Although Aaron Burr 1772 was married to Theodosia Bartow Burr until her death in 1794,  he had two children with Mary Eugenie Emmons, who was a servant in his household.
Although Aaron Burr 1772 was married to Theodosia Bartow Burr until her death in 1794, he had two children with Mary Eugenie Emmons, who was a servant in his household.
Illustration: Erin Robinson

I went to Kolkata to try to find how Emmons’ story had started. It was August, monsoon season, muggy and wet. The colonial-era buildings with broad verandas and crumbling alabaster columns and the post-colonial concrete apartment blocks all seemed tinged sepia, as if the city was set in a flashback from a film. Until the mid-20th century, when the British left India, Kolkata was the largest city in Asia, the fourth largest in the world. From the 18th century to the 20th century, Kolkata was the capital of British India, a metropolis of tremendous wealth and misery, of lavish mansions and slums. From here, cotton, jute, silk, opium, and people were shipped across the world.

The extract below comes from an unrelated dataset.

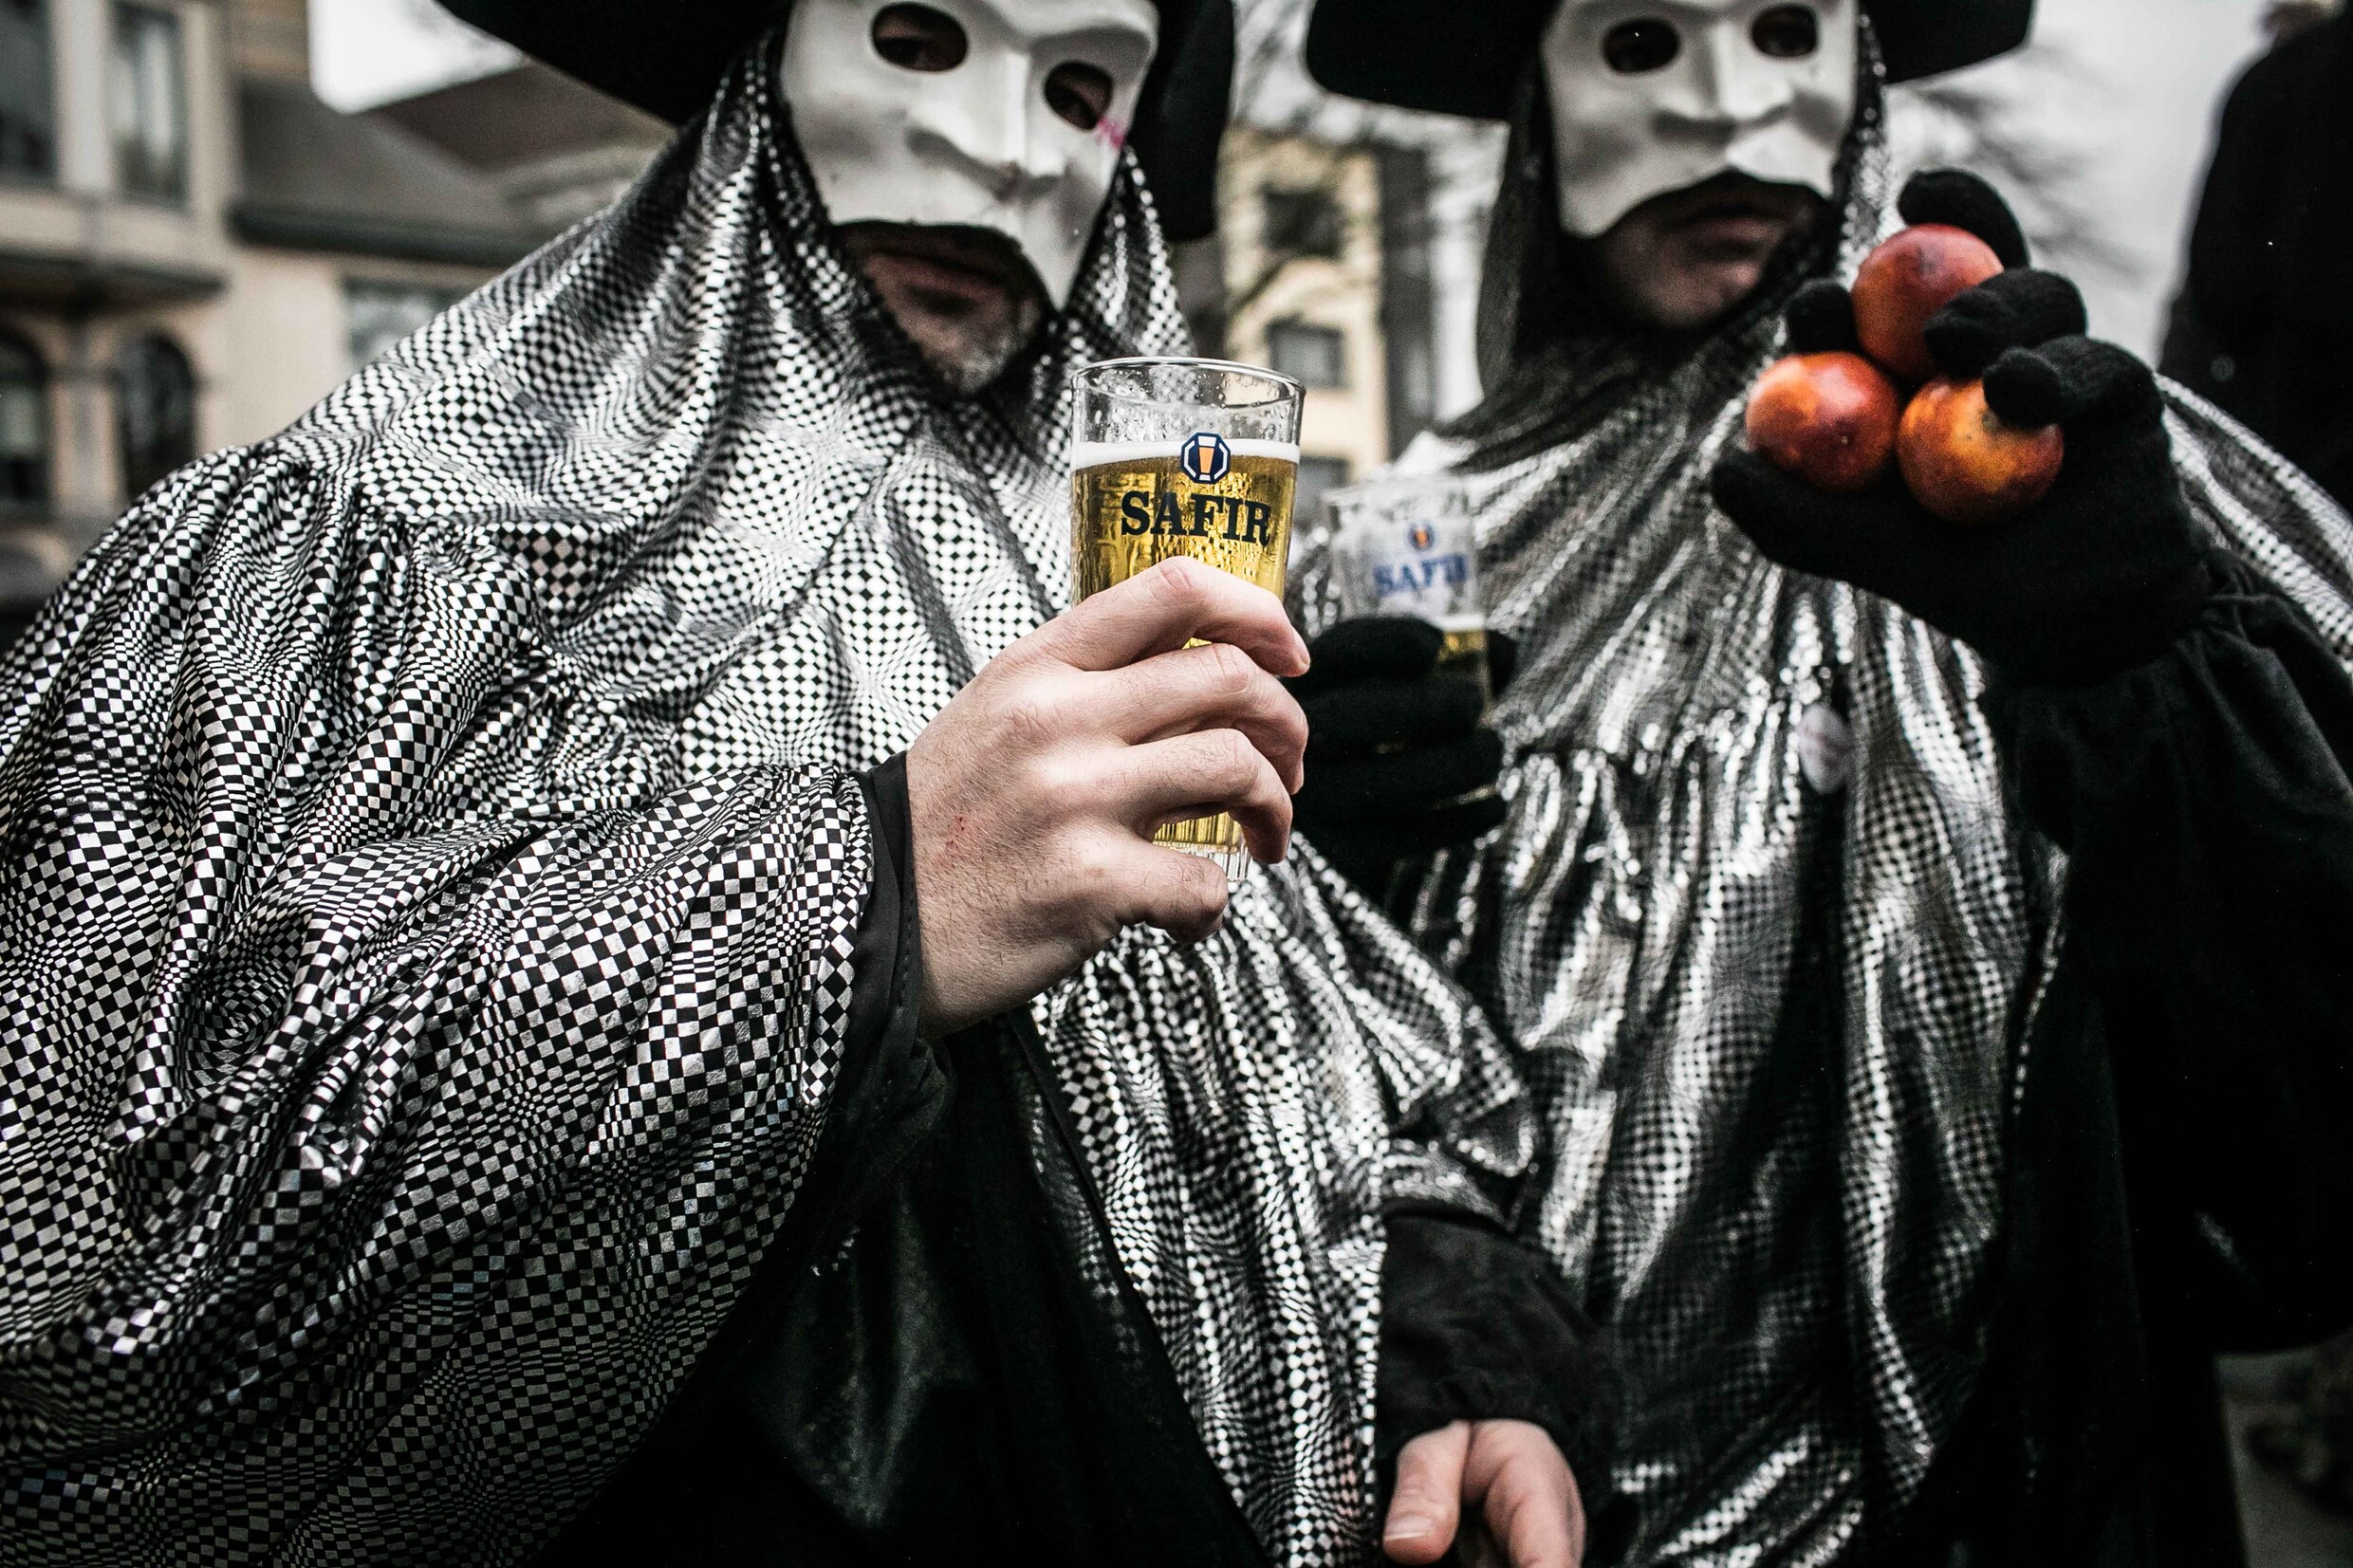 In beeld: De Morgen-fotograaf Bas Bogaerts legt Aalst Carnaval vast

In the mid 1700s when Emmons was born, the era of colonial expansion in India had just begun. The European trading posts were villages along the Ganges River. For the next few decades, a global conflict would be waged between the British and French colonial forces for control of India’s resources. That war would stretch from India to Africa to the Caribbean to the U.S.

For clues about Emmons, I had contacted Sue Peabody, a professor of French colonial history at Washington State University who published Madeleine’s Children in 2017, an account of a Bengali woman named Madeleine, who was born around 1759 and traveled from Chandannagar, a French colony along the Ganges, about 20 miles north of Kolkata, to France in 1771, around the same time as Emmons was believed to have migrated. Madeleine was a domestic slave to a Frenchwoman, who moved to France and then to a French colony in Reunion, off the coast of east Africa. Madeleine’s story became known only because her son, Furcy, sued for his freedom in the Royal Court in Paris, and won. 

The passengers of ships across the French colonies are listed in logbooks, many of which are now digitized, as are French colonial census records. But the names of passengers who are servants, slaves, or stowaways are rarely provided. The documentation on Madeleine in ship records and census records was sparse. And the documents regarding her status as a slave that were subsequently produced in court by her owners may have been falsified years later.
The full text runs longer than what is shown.